And now we write… it has been a while. Of course life has been moving along, and all kinds of things have transpired. But I had left this blog/diary behind, I’m afraid. In review of the previous posts, I think it behooves me to get on the keyboard and share what I can to stir someones’ thoughts today.
I have a dear friend that had a breakdown. This happened a couple of years ago, and she is still recovering. I am sure I don’t know all of the story, or the extent of her struggle. I just know that I miss her. Terribly. I see the shell of the woman I knew, and I know she still cares for me. However, there is a space between us that I’m not quite sure how to cross. This is her journey, not mine. No matter how I believe in her, have desires for her well-being and hope for a return to our previous closeness, it is not up to me. Definitely not on my timeline! If I had that power, she would have come out of all her challenges within weeks, or days!
I will always be here for her. I cannot replace her friendship. She is such a unique and wonderful person, I am feeling pretty selfish to want her “back at it” for my own sake. I have given her and her health to God. My faith knows that He is actively involved with her and her healing. My head (oh yes, so human!) wants to fire up the engines and get this happening. God knows every detail of her situation, and His timing is always perfect. It can be hard to understand what that timing is about. It isn’t about me… and my desire for her to be “back”. He is gently and carefully walking with her and bringing her into His understanding.
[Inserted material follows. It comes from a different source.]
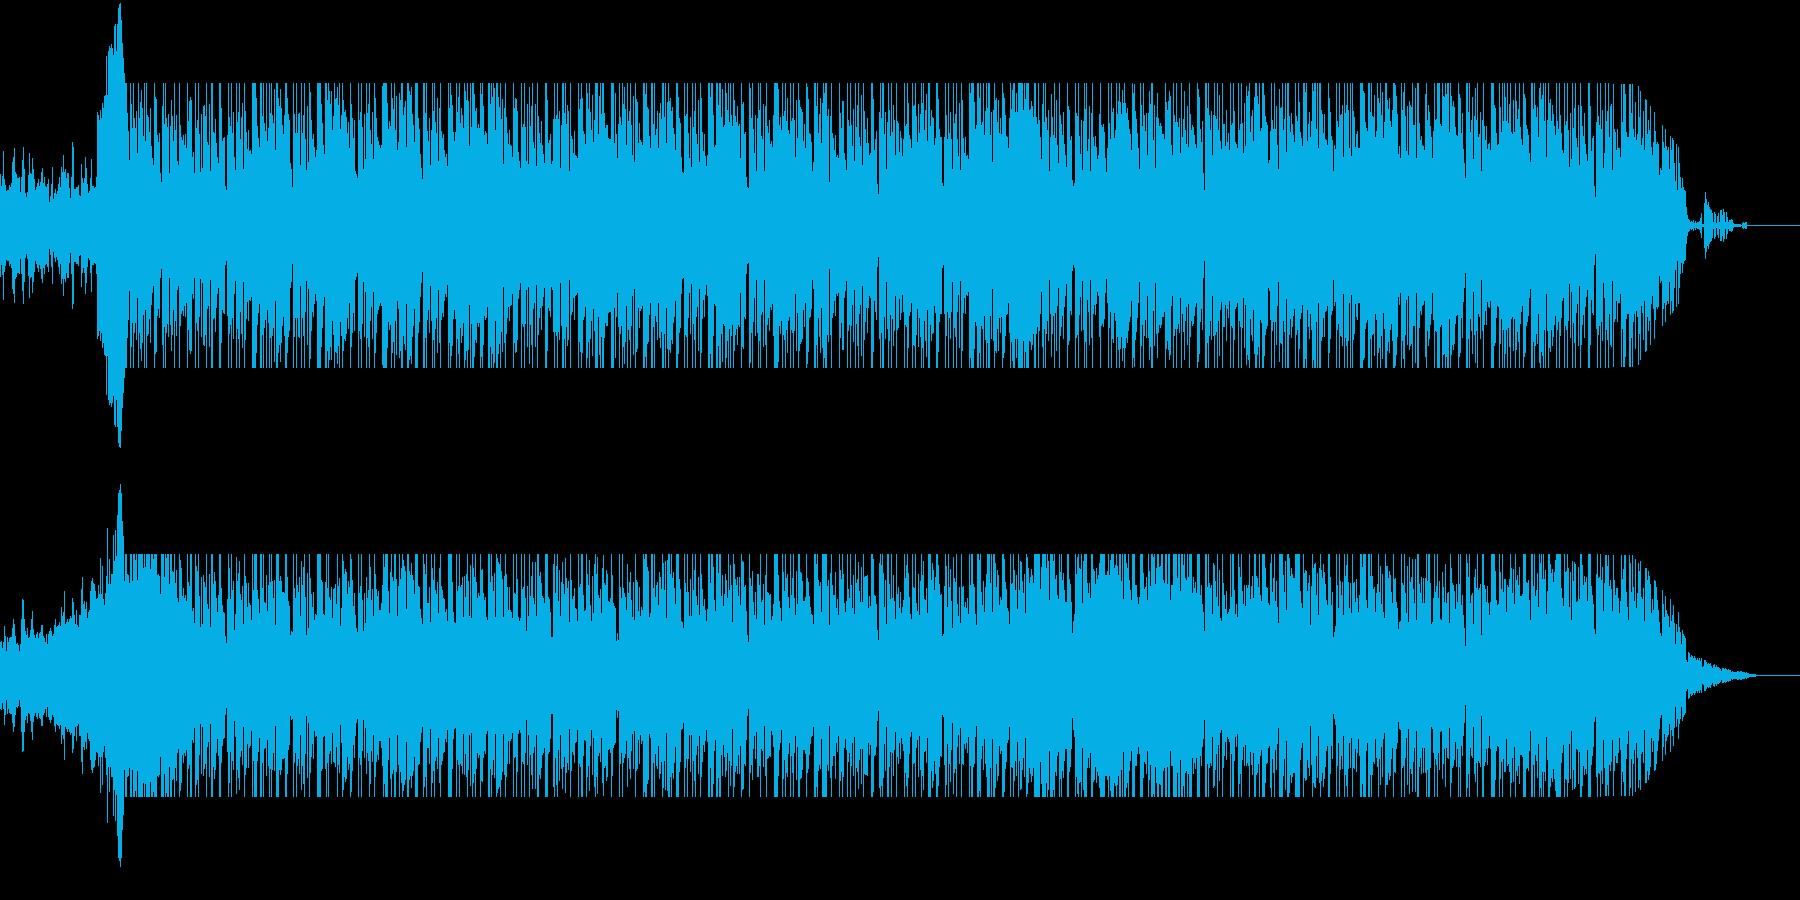 近未来を思わせる不思議な楽曲の再生済みの波形

So no matter what, all of our paths are “to be determined” at any given moment. There is no “right time” that is bolted down and polished for approval. Over this time of watching and waiting I have been learning to wait upon God. That doesn’t mean I’m sitting around doing nothing… It means I am resting in His promises. Allowing Him the time to orchestrate the symphony. Creating space for the tapestry to unfold. For her. For me. In all ways.
Meanwhile, I take her to coffee every so often. See her at social gatherings now and then. Hug her, share my feelings of love for her. Make sure she knows I’m here for her when the time for her eventual return to wholeness has finally been determined.